Maybe, but I wouldn't be so sure that a sites's traffic is skewed one
way or another without first doing some log analysis.
For example, Jonathan, I bet your own www.carnageblender.com site,
being an online game, has a high percentage of repeat multiple hits
from the same user within just a few seconds of each other. In that
case, perhaps AOLserver would be substantially more efficient with
keepalive turned on. But perhaps not, and it's certainly possible
that keepalive could make performance much worse, too... I don't see
any way to know one way or another without empirical testing.

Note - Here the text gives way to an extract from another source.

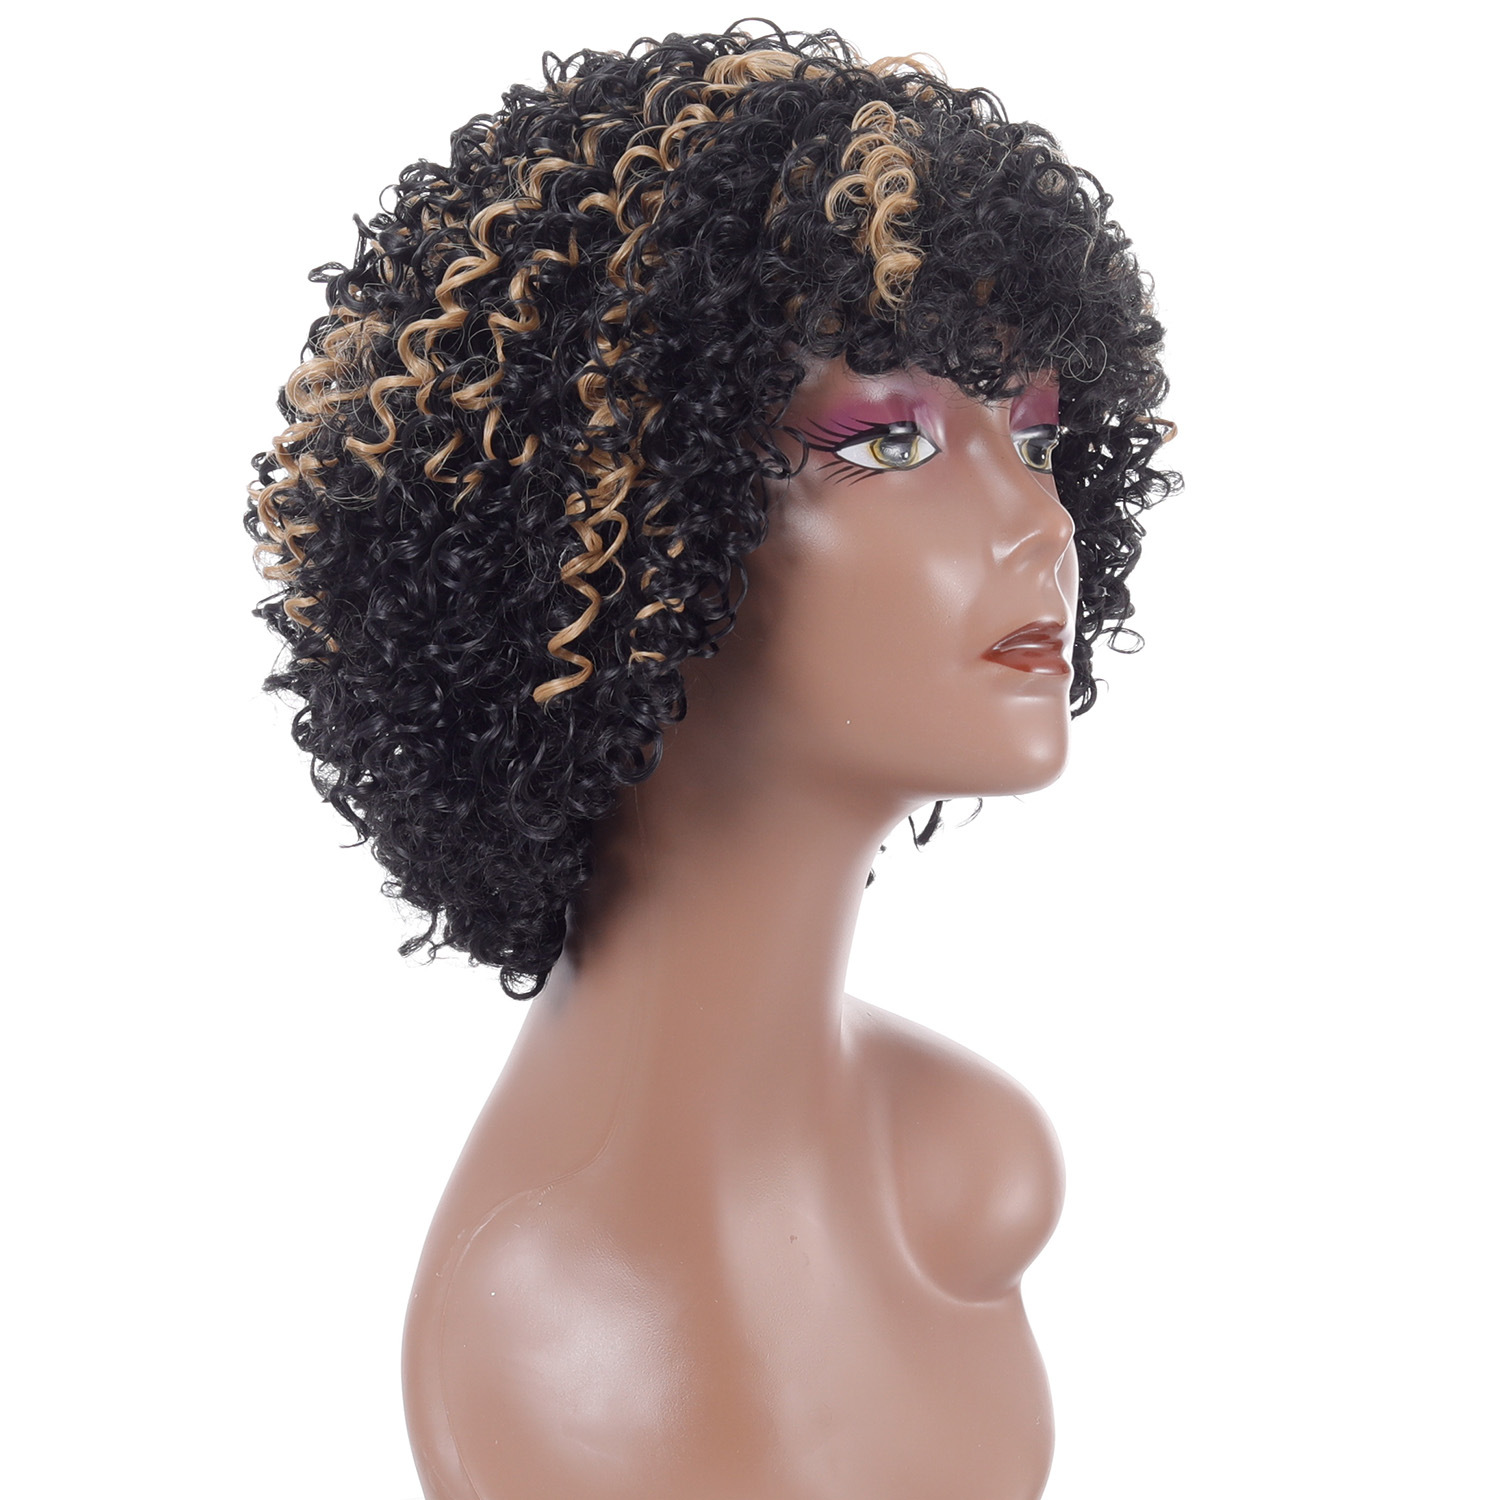 Headgear featuring afro small curly wig design for women, part of a black highlight blonde short curly hair wig

I googled briefly for HTTP keepalive performance tuning info. There
were at least a few relevent
July 2003
and
Nov. 2002
threads on the AOLserver list, but mostly I didn't find anything
useful. Neither rules of thumb, nor details on how to properly do log
analysis and/or load testing to figure out optimum keepalive settings
for a given site, web server, and load.
The (now old and outdated?)
C10k
page barely mentiond HTTP keepalive, but of course has links to all
sorts of detailed server scalability info.
This is currently only of academic interest to me as I don't run a
high traffic site. But some folks here do... So if you're reading
this, please chime in with your HTTP keepalive tuning experience, as
it would be best if we could give OpenACS adopters both a reasonable
default keepalive setting in config.tcl and an explanation of
why or when they might need to change it.